*** RECORDED DATA ***

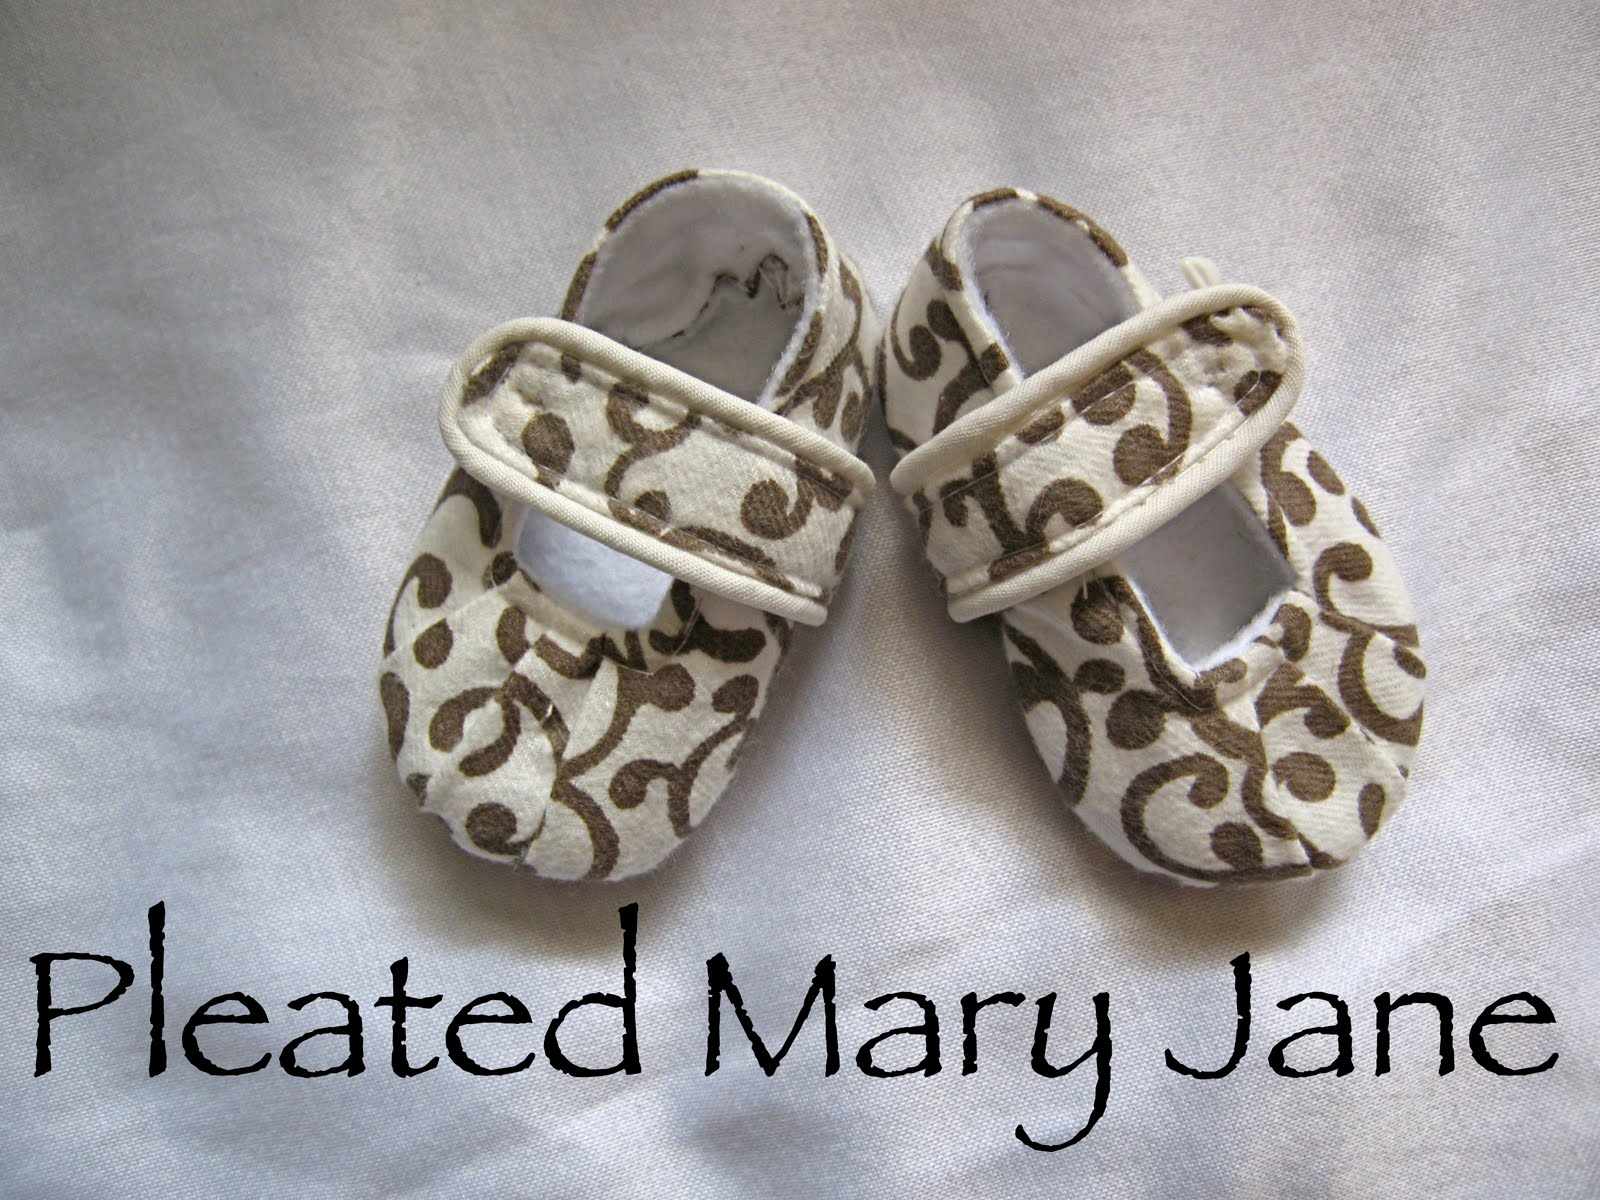 PIXNET oEmbed Profile  嬰兒鞋製作分享~~ @ 特別的夜晚 :: 痞客邦
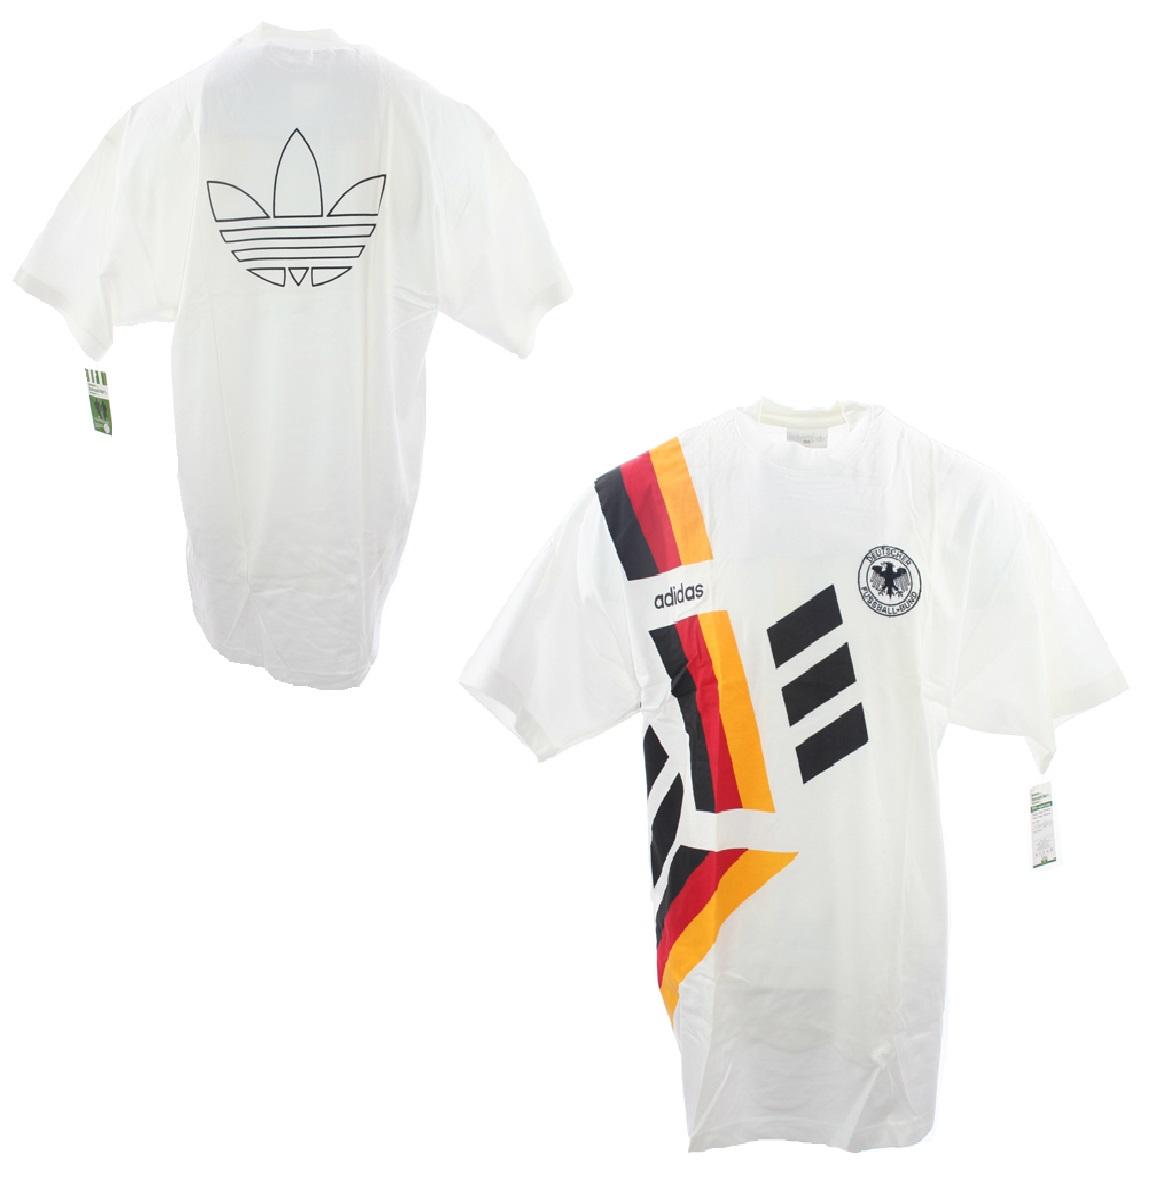 adidas deutschland t shirt 1994 dfb 94 trikot retro herren. Black Bedroom Furniture Sets. Home Design Ideas
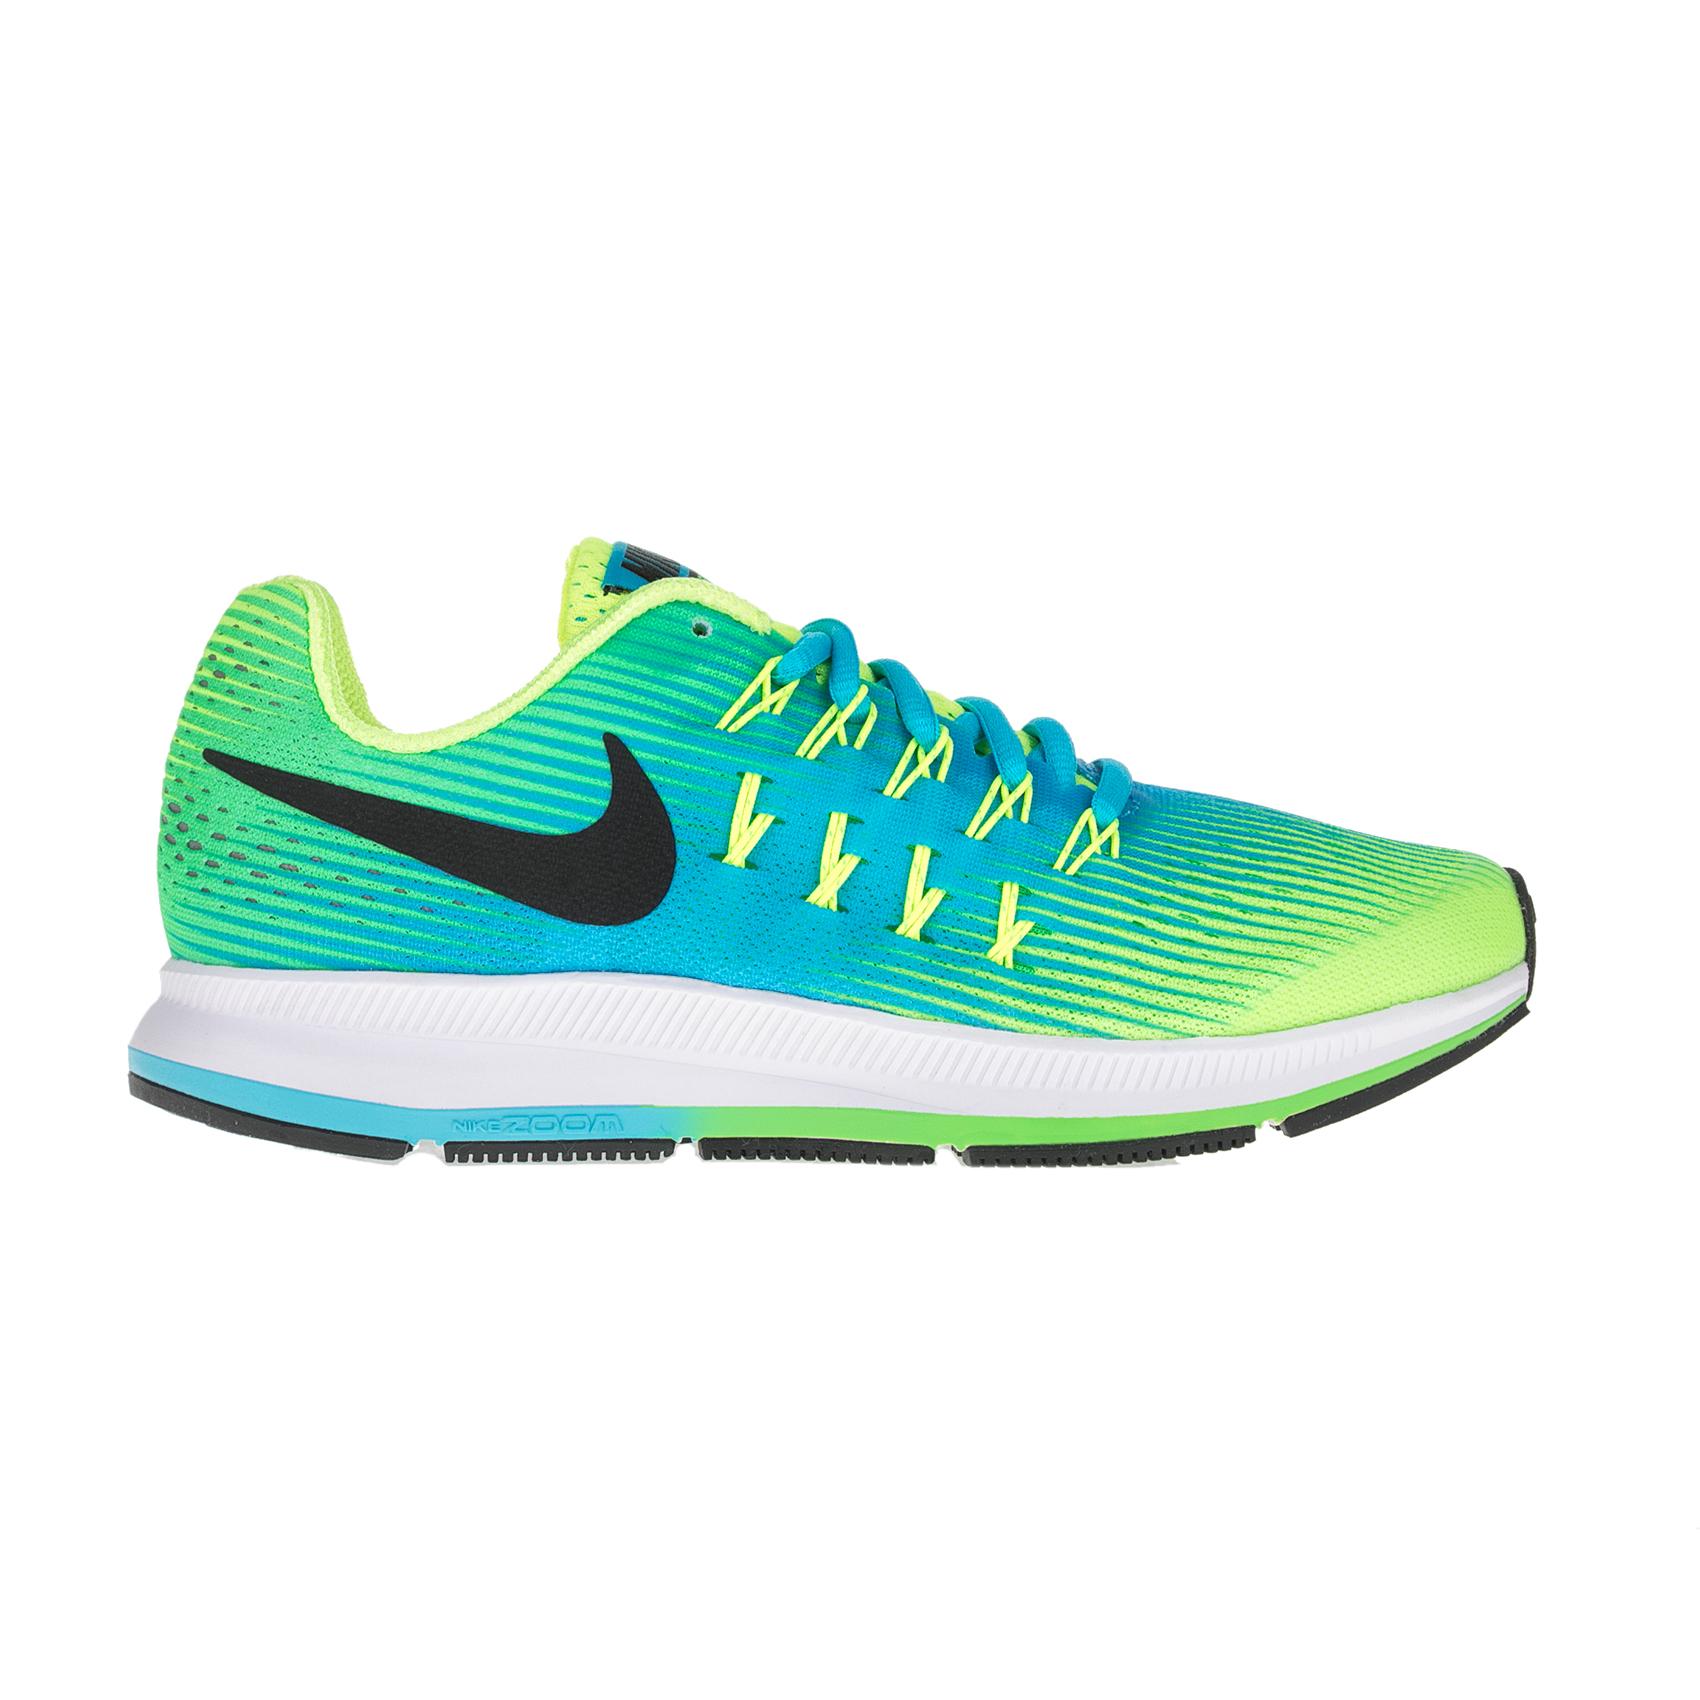 NIKE - Παιδικά αθλητικά παπούτσια NIKE ZOOM PEGASUS 33 (GS) πράσινα - κίτρινα

*** End of RECORDED DATA ***

§ **ASSIGNED TASK**
Could you restate the material word for word, omitting the pictures?

§ **OUTPUT OF THE TASK**
 PIXNET oEmbed Profile  嬰兒鞋製作分享~~ @ 特別的夜晚 :: 痞客邦
 adidas deutschland t shirt 1994 dfb 94 trikot retro herren. Black Bedroom Furniture Sets. Home Design Ideas
 NIKE - Παιδικά αθλητικά παπούτσια NIKE ZOOM PEGASUS 33 (GS) πράσινα - κίτρινα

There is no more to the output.